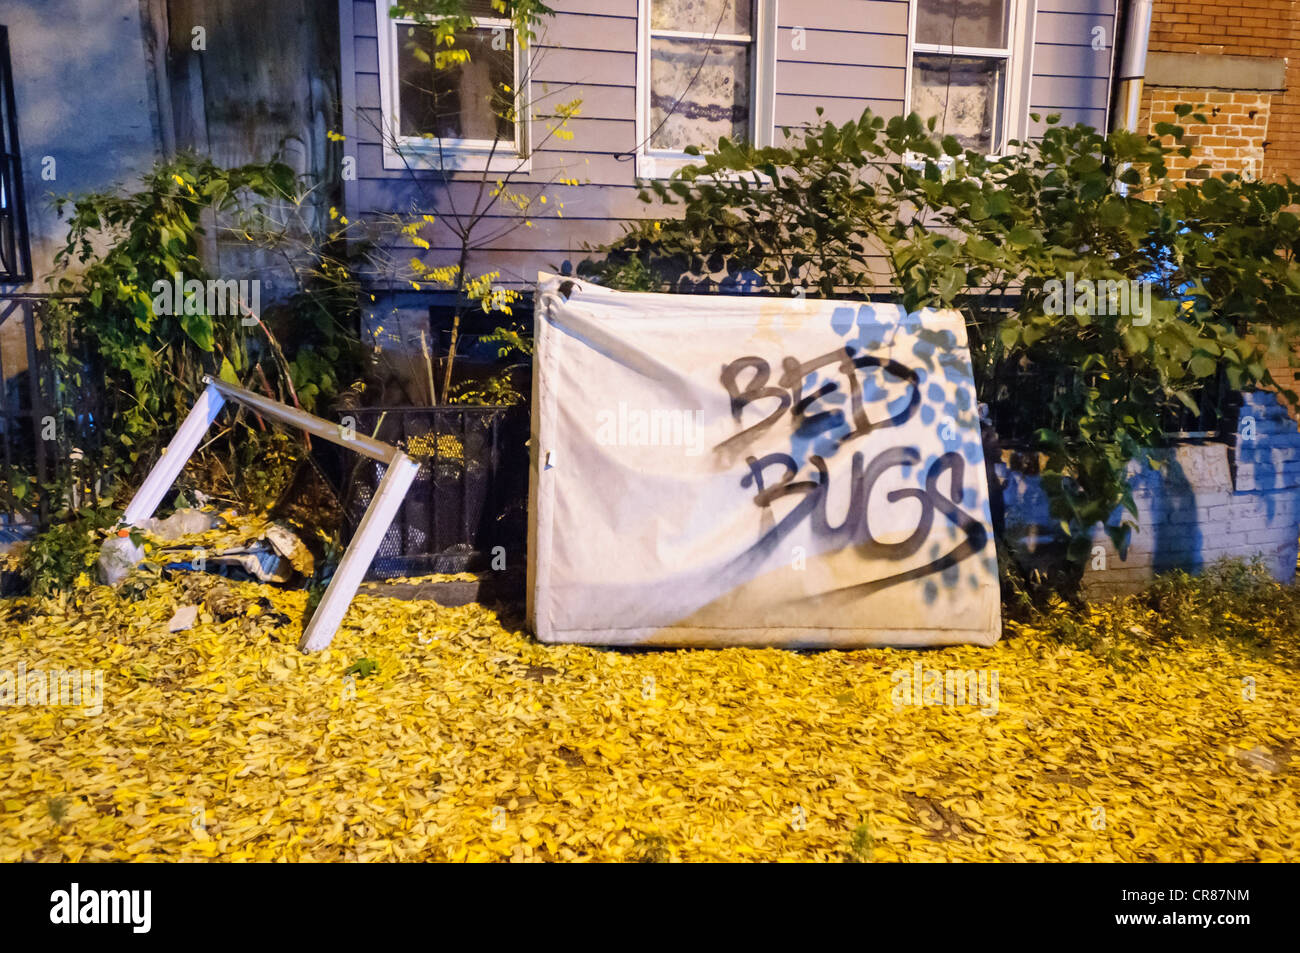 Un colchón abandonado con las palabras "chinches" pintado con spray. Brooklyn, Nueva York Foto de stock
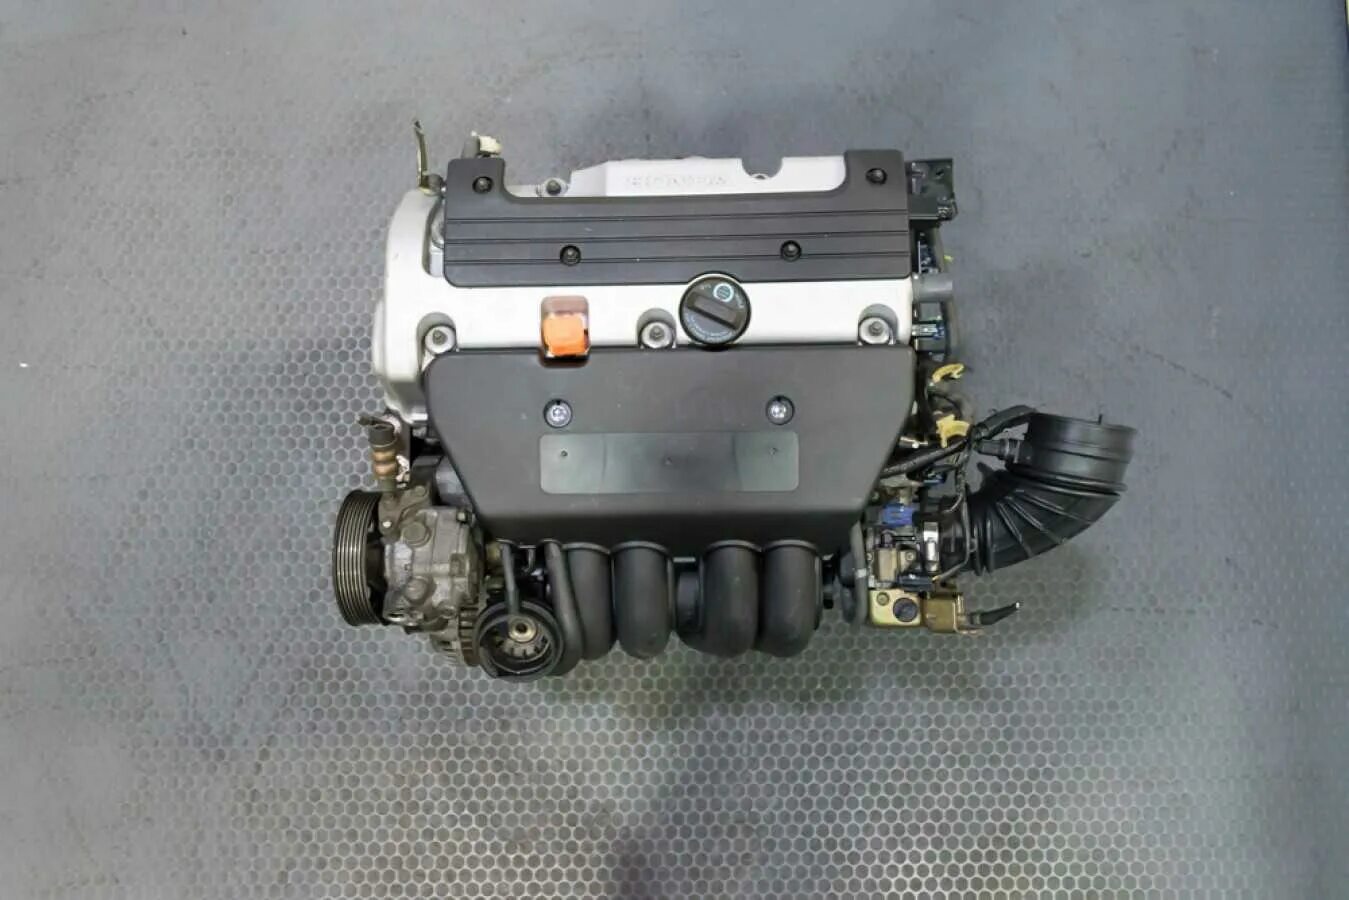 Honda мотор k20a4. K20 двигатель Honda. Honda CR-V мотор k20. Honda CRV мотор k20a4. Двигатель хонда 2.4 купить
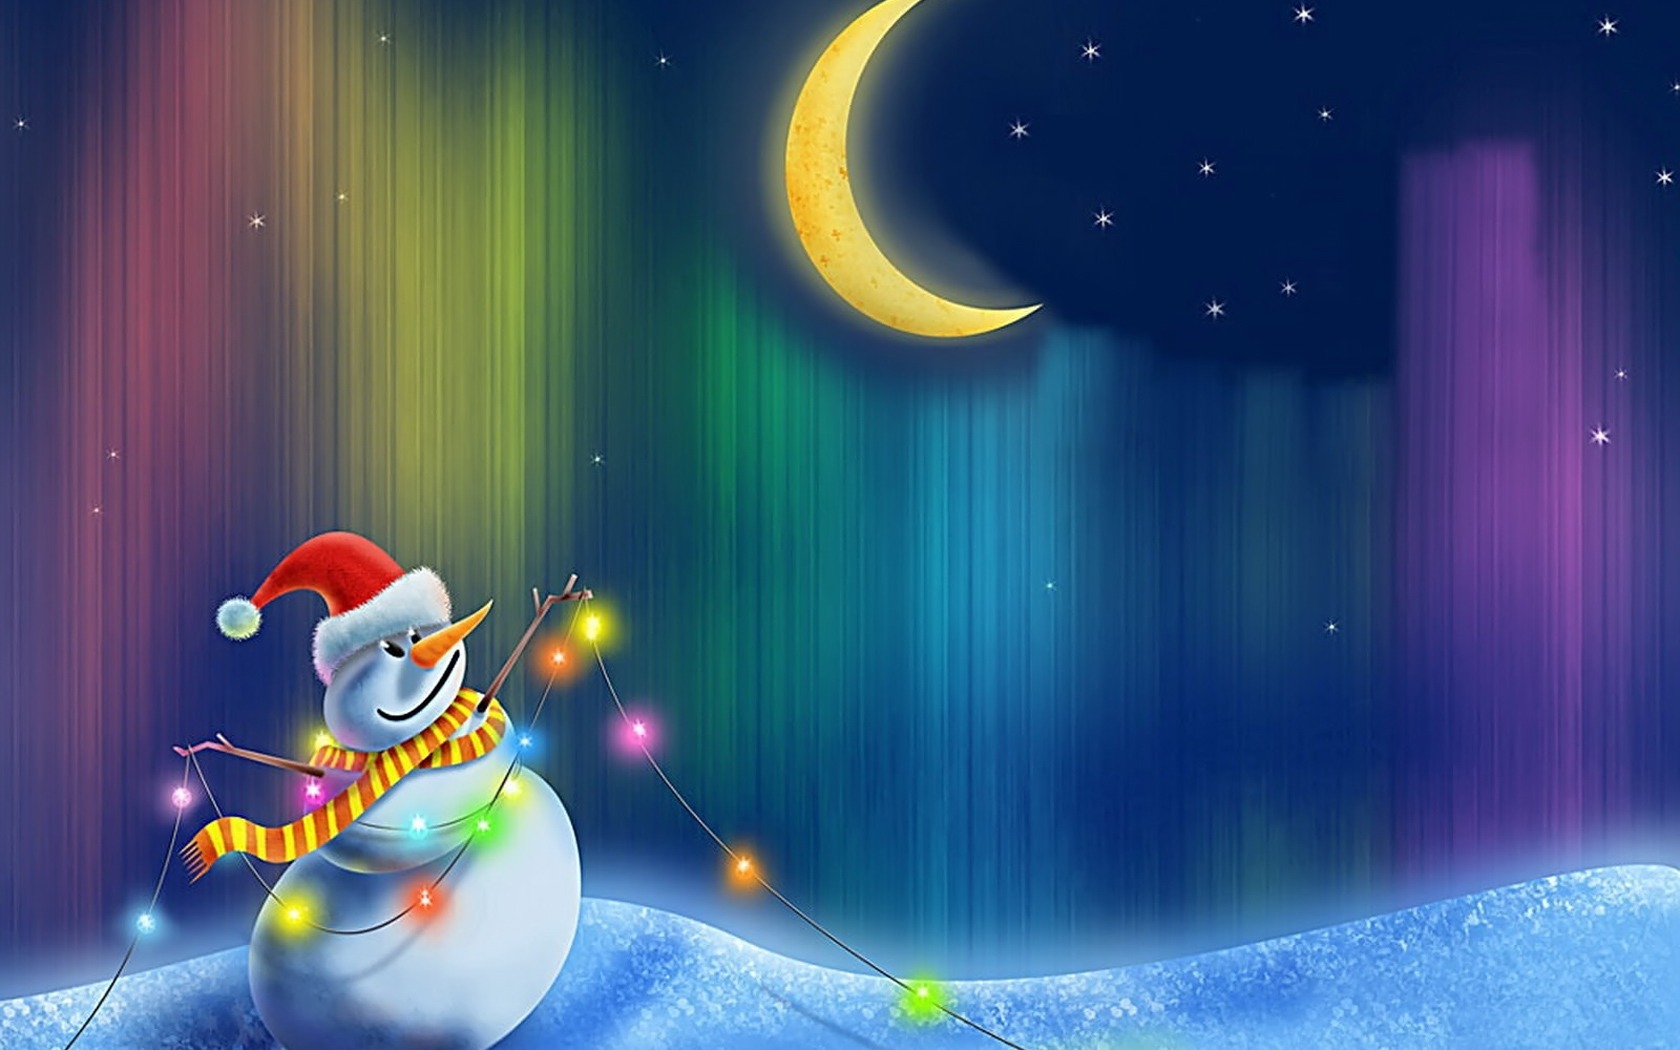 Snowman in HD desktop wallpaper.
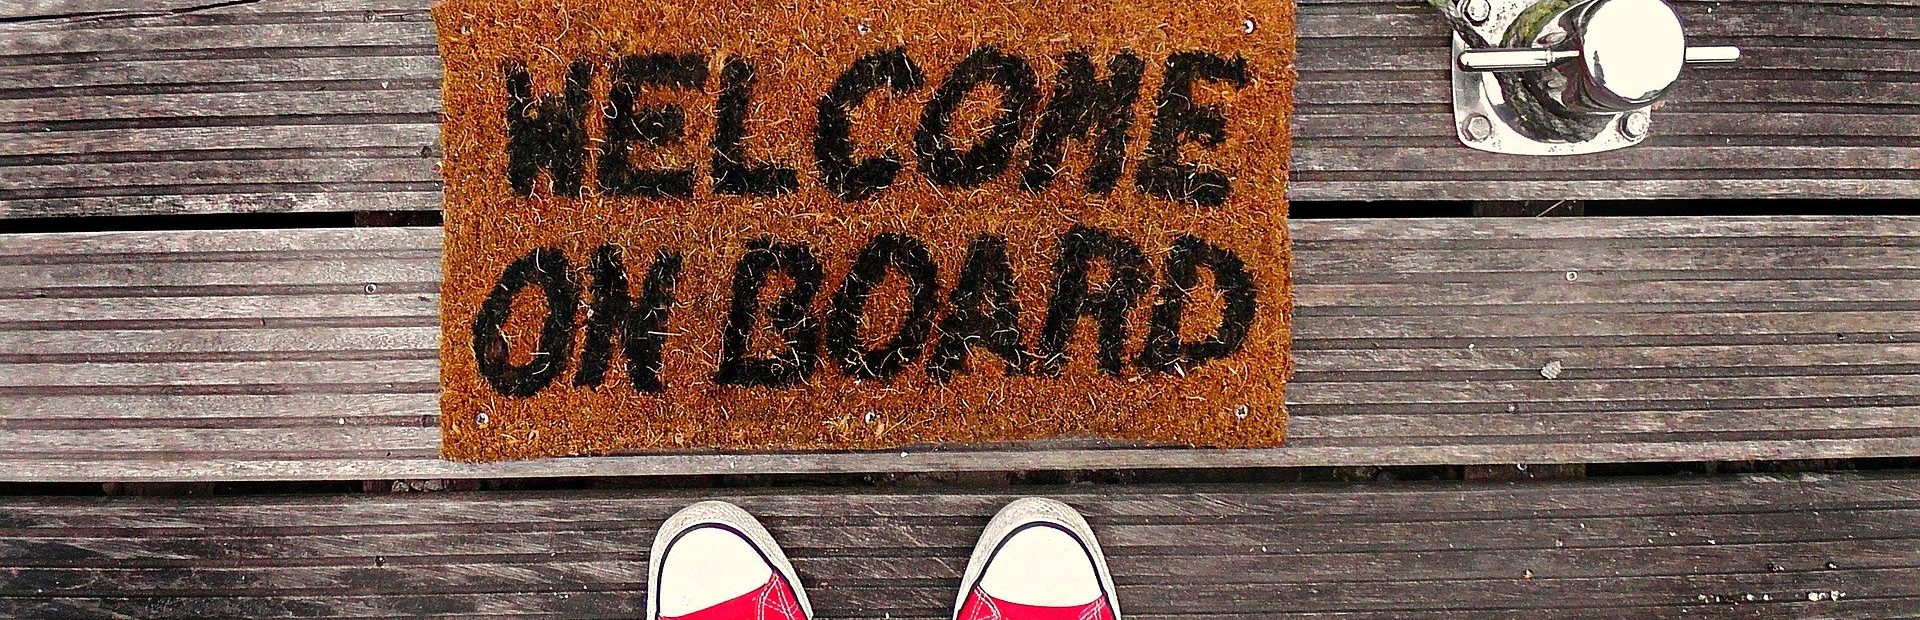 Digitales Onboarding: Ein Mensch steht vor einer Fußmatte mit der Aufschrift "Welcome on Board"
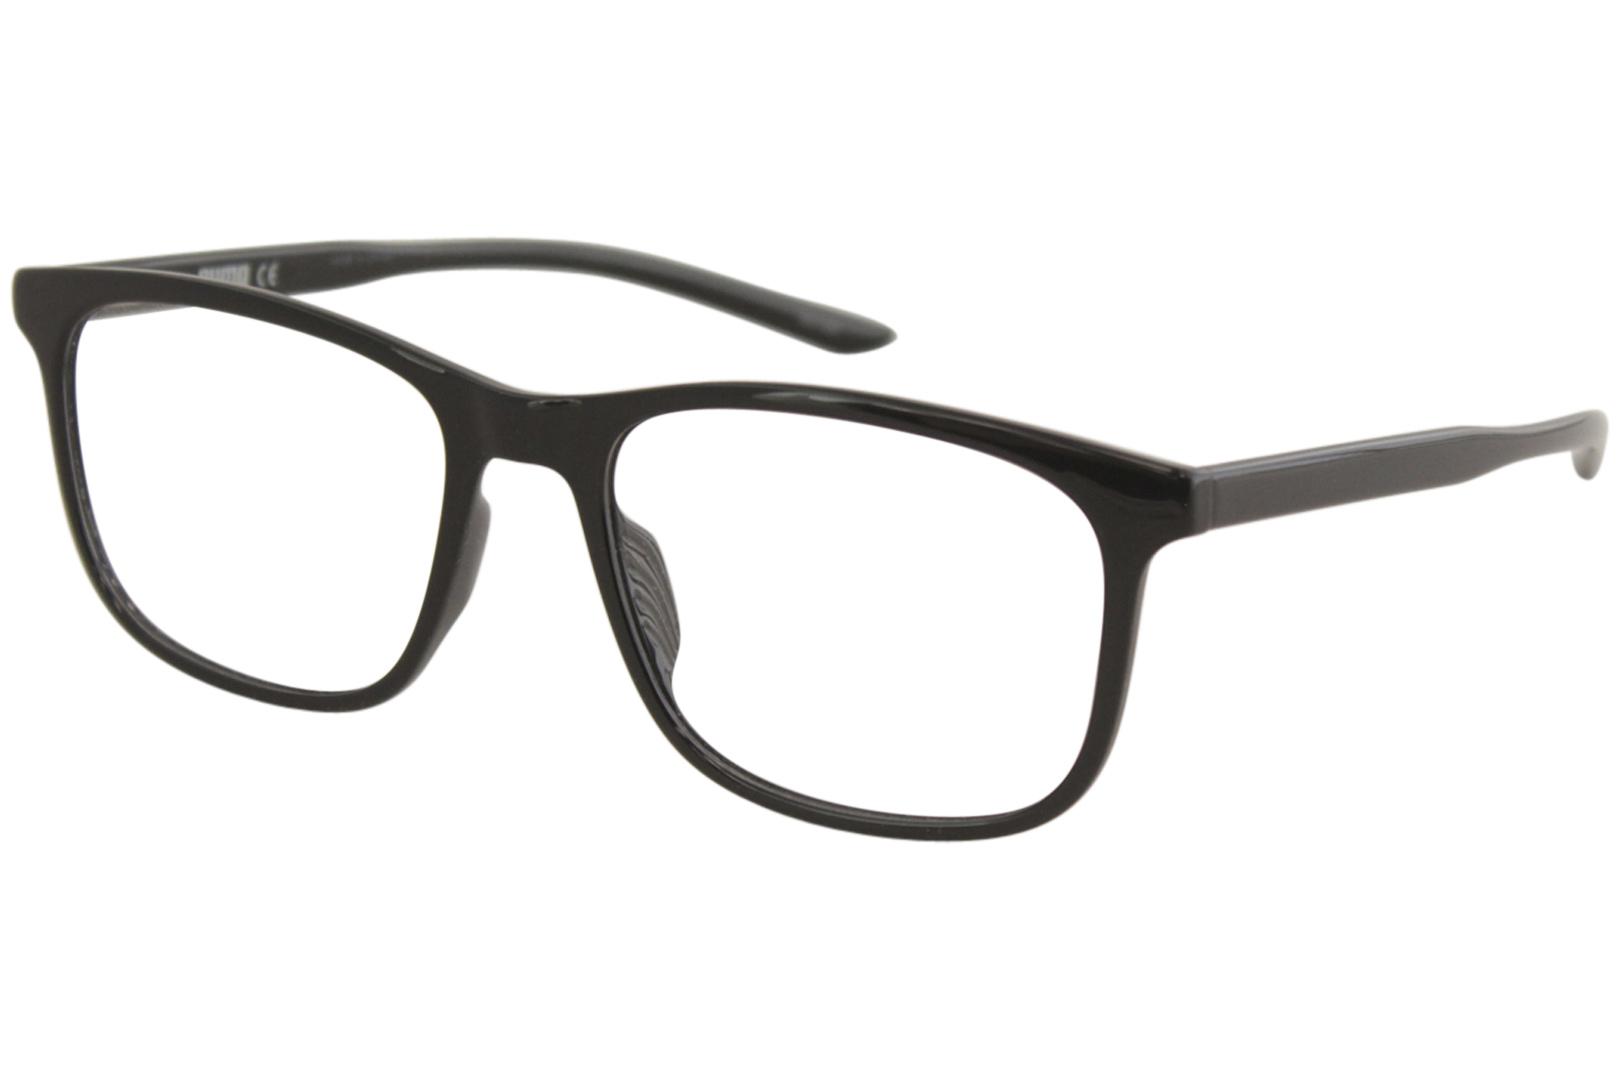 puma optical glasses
──────
:: TASK GOAL ::
Could you transcribe every entry above exactly, leaving out the images?

:: RESPONSE AREA ::
 Un colchón abandonado con las palabras "chinches" pintado con spray. Brooklyn, Nueva York Foto de stock
 Honda мотор k20a4. K20 двигатель Honda. Honda CR-V мотор k20. Honda CRV мотор k20a4. Двигатель хонда 2.4 купить
 Snowman in HD desktop wallpaper.
 Digitales Onboarding: Ein Mensch steht vor einer Fußmatte mit der Aufschrift "Welcome on Board"
 puma optical glasses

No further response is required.